Certains messages déposés dans un centre d’archives ou Internet comme une bouteille à la mer finissent par trouver leur destinataire

Pierre Desreumaux
Carte de presse de Pierre Desreumaux

Alors que je cherchais tout autre chose, est apparue une étrange fiche.

Elle avait pour titre « Souvenirs d’un localier des années 1950 ». Son auteur, Pierre Desreumaux, habitait au n° 9, avenue de la Liberté, à Mons-en-Barœul. Il y évoque sa carrière :

Le n° 9, avenue de la Liberté

 « En vaillant petit soldat, je me suis engagé dans la grande armée des journalistes professionnels le 1er février 1949. J’allais avoir 19 ans. » Si Pierre Desreumeaux est toujours vivant cela lui ferait aujourd’hui 94 ans. Un bel âge ! Je me suis rendu avenue de la Liberté pour photographier sa maison. Mais là-bas, plus personne ne se souvient de lui. Sur Internet, rien de plus ! Reste son autobiographie pressée !

Les parents de Pierre Desreumaux étaient trop pauvres pour lui payer les frais d’une école de journalisme.

Qu’importe, le jeune homme entend suivre le chemin de Simenon, son écrivain préféré : « J’ai découvert ses premiers pas dans la profession à Liège.
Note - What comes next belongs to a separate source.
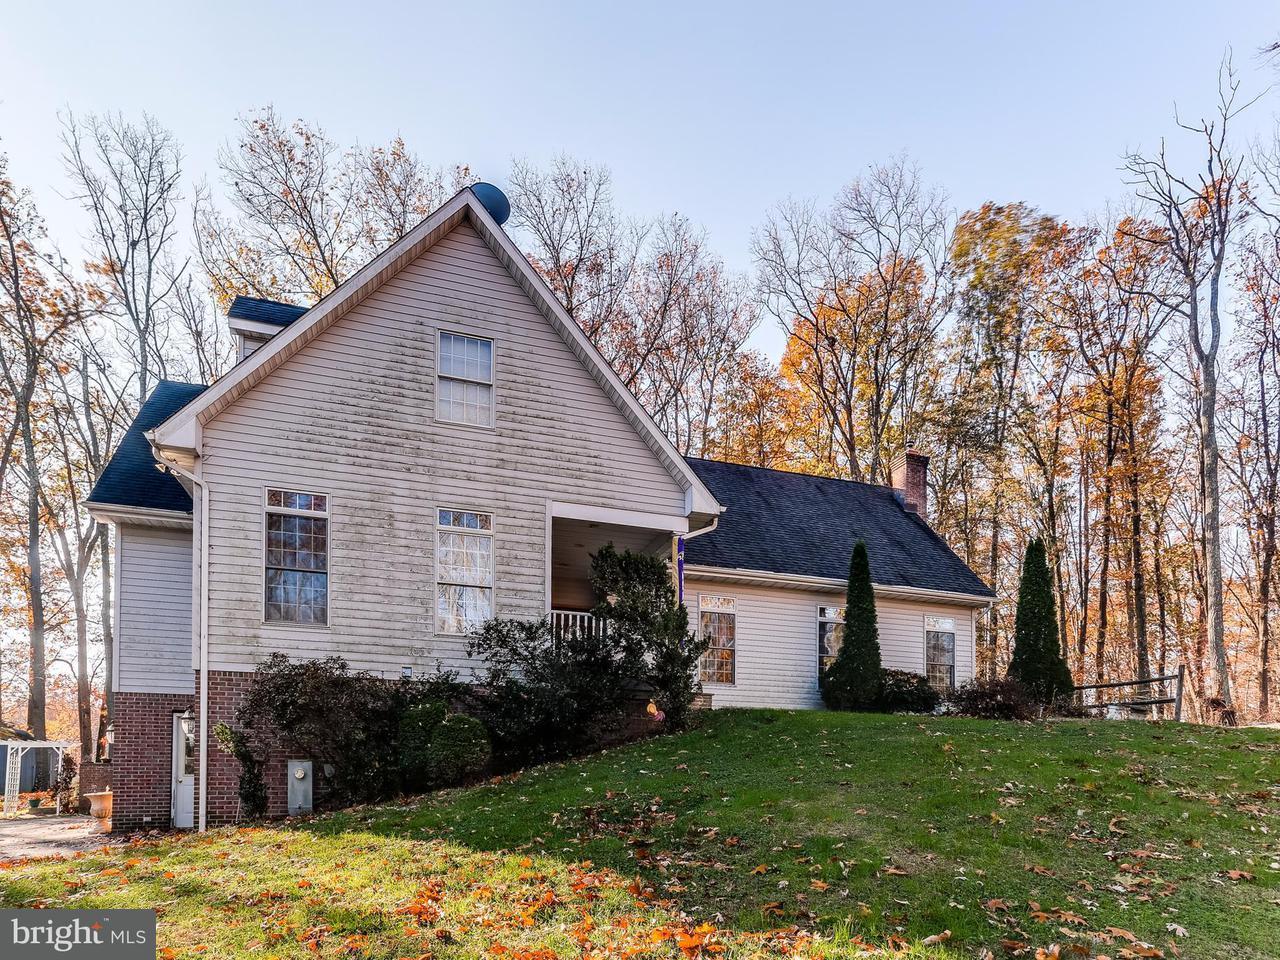 独户住宅 为 销售 在 1521 Cold Bottom Road 1521 Cold Bottom Road Sparks, 马里兰州 21152 美国
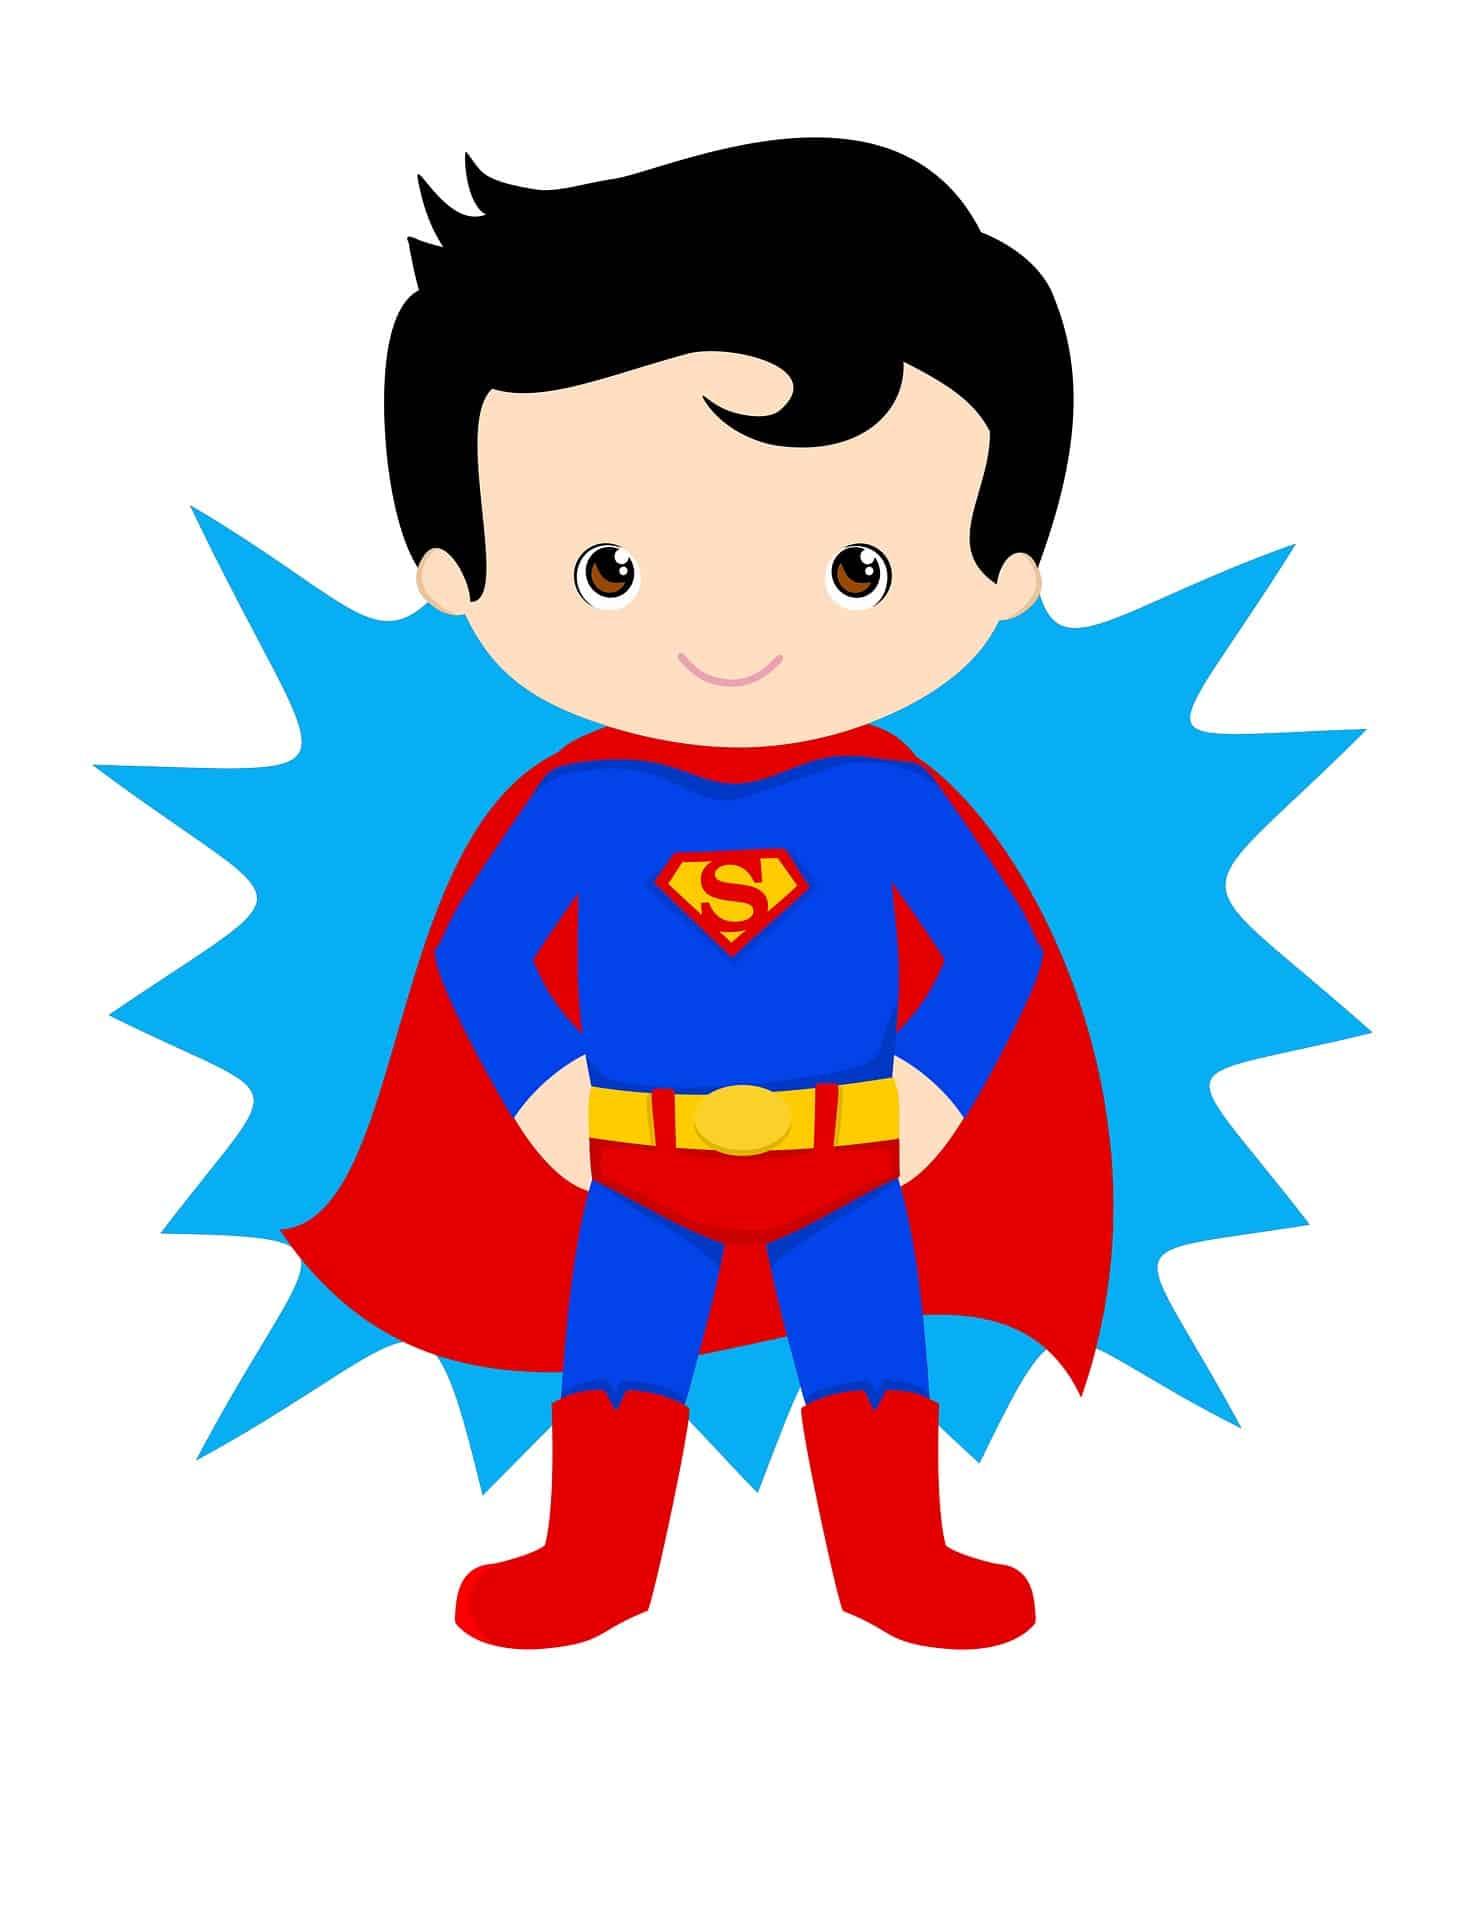 superpoderes genéticos

Je me devais de l’imiter », Ses débuts sont « laborieux » : « Chaque soir, après huit heures passées dans un bureau d’une entreprise textile, j’appuyais sur les pédales de « mon vieux clou ». Il s’agissait de rallier les mairies de Mons-en-Barœul, de Marcq ou de la Madeleine pour rafler au passage les communiqués municipaux, les avis des sociétés, les listes d’Etat-civil, etc. Un travail bien peu glorieux qui ressemblait à celui d’un facteur, mais à l’envers. » 

Pierre Desreumaux travaille bientôt pour « La Croix du Nord », rue d’Angleterre, à Lille :

40 000 exemplaires diffusés, à Lille, Cambrai et Arras. « Ma tâche consistait à suivre les assemblées générales des sociétés locales, les cérémonies officielles qu’elles soient religieuses ou civiles, les manifestations syndicales et les défilés militaires, ratisser tout ce qui faisait la vie de tous les jours, sans oublier les accidents, les délits et les incendies piqués dans les procès-verbaux des policiers et des gendarmes ». Le travail de « localier », dans les années 1950-1960, n’a rien d’une sinécure :

Pierre Desreumaux
Dans les années 1950 les journalistes affectionnaient le Rolleiflex.

« Les journalistes œuvraient six jours sur sept. Hormis les secrétaires de rédaction chargés de corriger et de calibrer les articles pour la mise en page qui avaient des horaires bien précis (souvent l’après-midi et de nuit) les localiers, eux, ne comptaient pas leurs heures. Ils travaillaient tous les dimanches (l’agenda croulait sous les réunions des clubs, comités, groupements, partis et sociétés) et récupéraient un jour dans la semaine. Moi, c’était le vendredi ! » la Croix, il y avait seulement quatre journalistes. Rien à voir avec des mastodontes comme Nord-Eclair ou La-Voix-du-Nord. Mais toutes ces plumes différentes se retrouvaient bien volontiers au « Bar de l’Echo », sur la Grand-Place, pour échanger les derniers potins.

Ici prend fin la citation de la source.